Marc Santolini, JOGL co-founder and data research scientist, is passionate about the power of crunching numbers and designing algorithms to quantify performance and qualify teams for optimized collaboration. For the past two years, he has been building a multi-level dataset of iGEM teams and their projects—wiki documentation, history of notebook sites, who wrote what at what time, awards, finalists, performance scores, team sizes and collaborations—in order to study precisely what criteria lead a team to success, and in case of failure, what criteria lead a team to improve.

Once JOGL implements its experimental recommender system for iGEM teams, says Marc, “We’ll really be able to see what happens when we start to introduce recommendations into their projects. We’re at the intersection between fundamental research and applied research on these communities.”

#Combating Antimicrobial Resistance (AMR)

Omkar Mohapatra leads the iGEM team IISER Tirupati 2020 of 13 undergraduates in biology, chemistry, physics and mathematics at the Indian Institute of Science Education and Research Tirupati. Their project “Coli Kaze” focuses on fighting antibiotic resistance (which has already led to widespread bacterial infection in humans) by engineering bacteria to selectively degrade sulphonamides in chicken excreta as a proof-of-concept to limit the pollution of antibiotics in the environment, while making the resulting manure safe to use as fertilizer.

“The bacteria produce antibiotic degrading proteins and die, as their cell lysate is used to degrade the sulphonamides in excreta,” Omkar summarizes. “The bacteria die by adding an inducer, which limits the release of GMO into the environment. We also degrade their DNA, so that no other bacteria can pick up their DNA and become resistant too. All these biosafety modules are integrated into our project at different levels.”

The iGEM IISER Tirupati team learned about JOGL during this year’s iGEM opening weekend and was one of the first competing teams to register on the platform on June 14. So far, another JOGL member in India has already responded to their need for help in developing a wiki for the project.

But this year’s greatest challenge, as for most teams, is access to a wetlab. So far, Coli Kaze is on track to be a Two-Phase Project, an option introduced by iGEM in 2020, so that projects can be distributed over two years. In Phase 1, teams receive a thorough evaluation of their project’s theoretical and experimental design, while in Phase 2, teams try to prove that their experiments actually work in the lab.

Undeterred by the postponed lab work and excited at the prospect of shooting for their second gold medal, the Tirupati team never lose sight of the big picture: “Our project basically focuses on delaying the process of Antimicrobial Resistance,” says Omkar. “AMR is inevitable, it cannot be stopped.

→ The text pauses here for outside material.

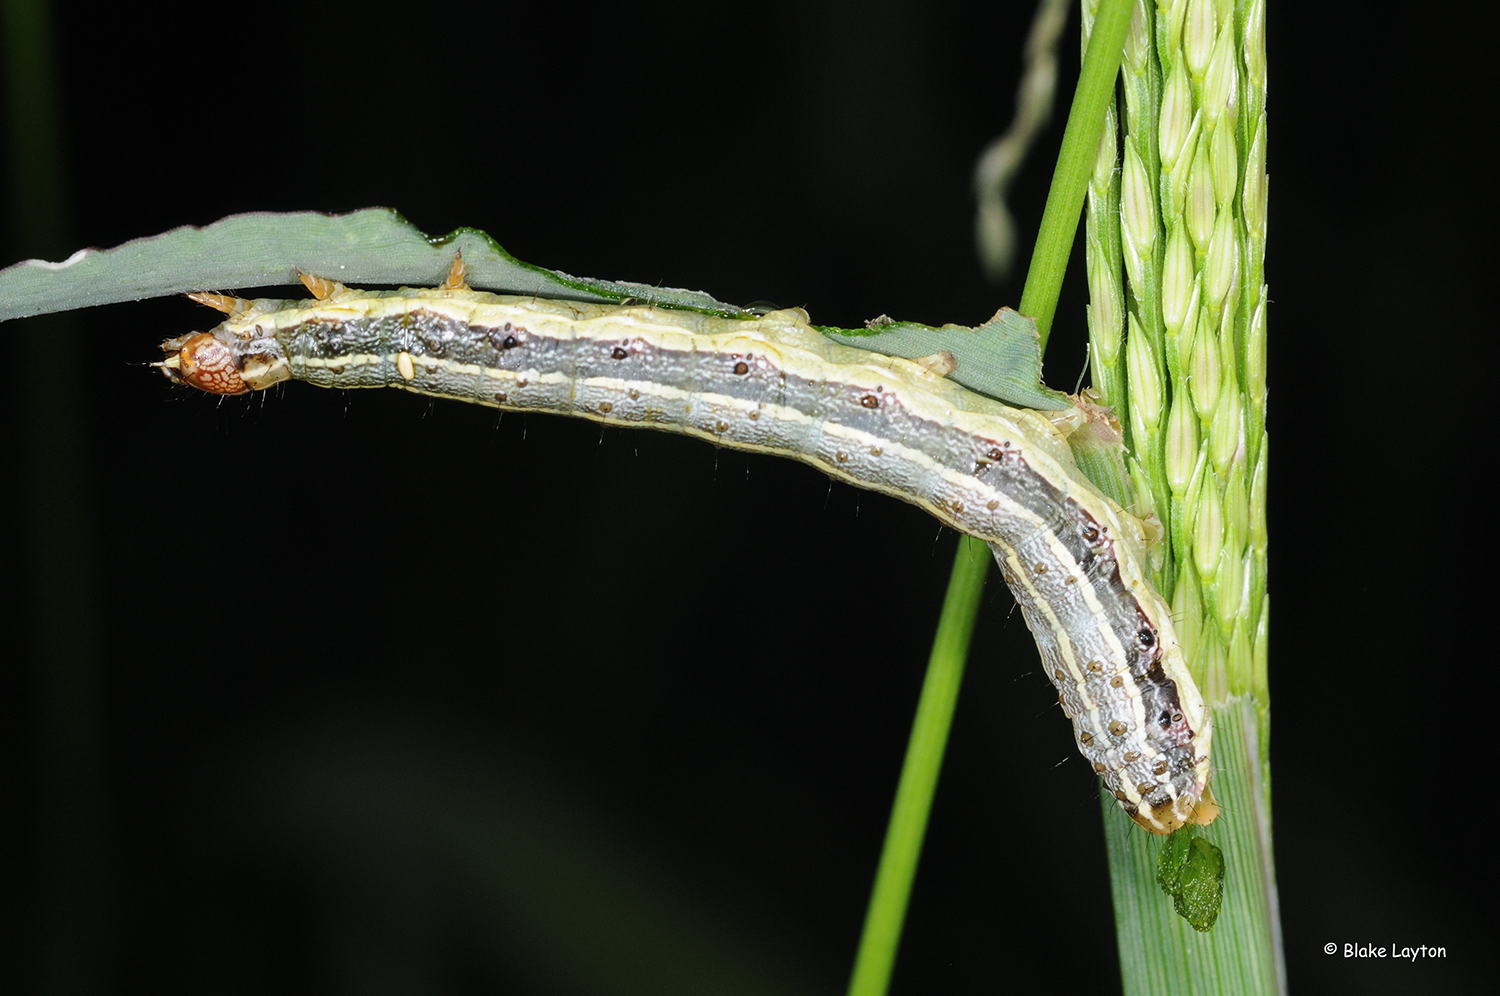 A fall armyworm on a green stalk.

Bacteria will continue to evolve. But our research will definitely help slow it down. This will give researchers more time to come up with new ideas, newer antibiotics, newer mechanisms to kill bacteria.”

In the meantime, both JOGL and iGEM are focused on getting the balls rolling in tackling the Sustainable Development Goals, even if it means relaying work over multiple teams and several generations.

For Marc Buckley, United Nations Advocate for the SDGs, the international collaborative roadmap for 2030 is no less than a global reset: “There’s no more questioning. We need your help, your work, to make sure that we do it, because this is the future we’re going toward,” he says on a panel addressing this year’s iGEM competitors.

“We’re in a time of metamorphosis. We’re like the butterfly that’s in the cocoon. We’re at the gooey stage. And there’s no way back to the caterpillar stage. We’ve got to make it through that gooey stage to the butterfly stage, because there’s no in-between. So we’re moving forward.”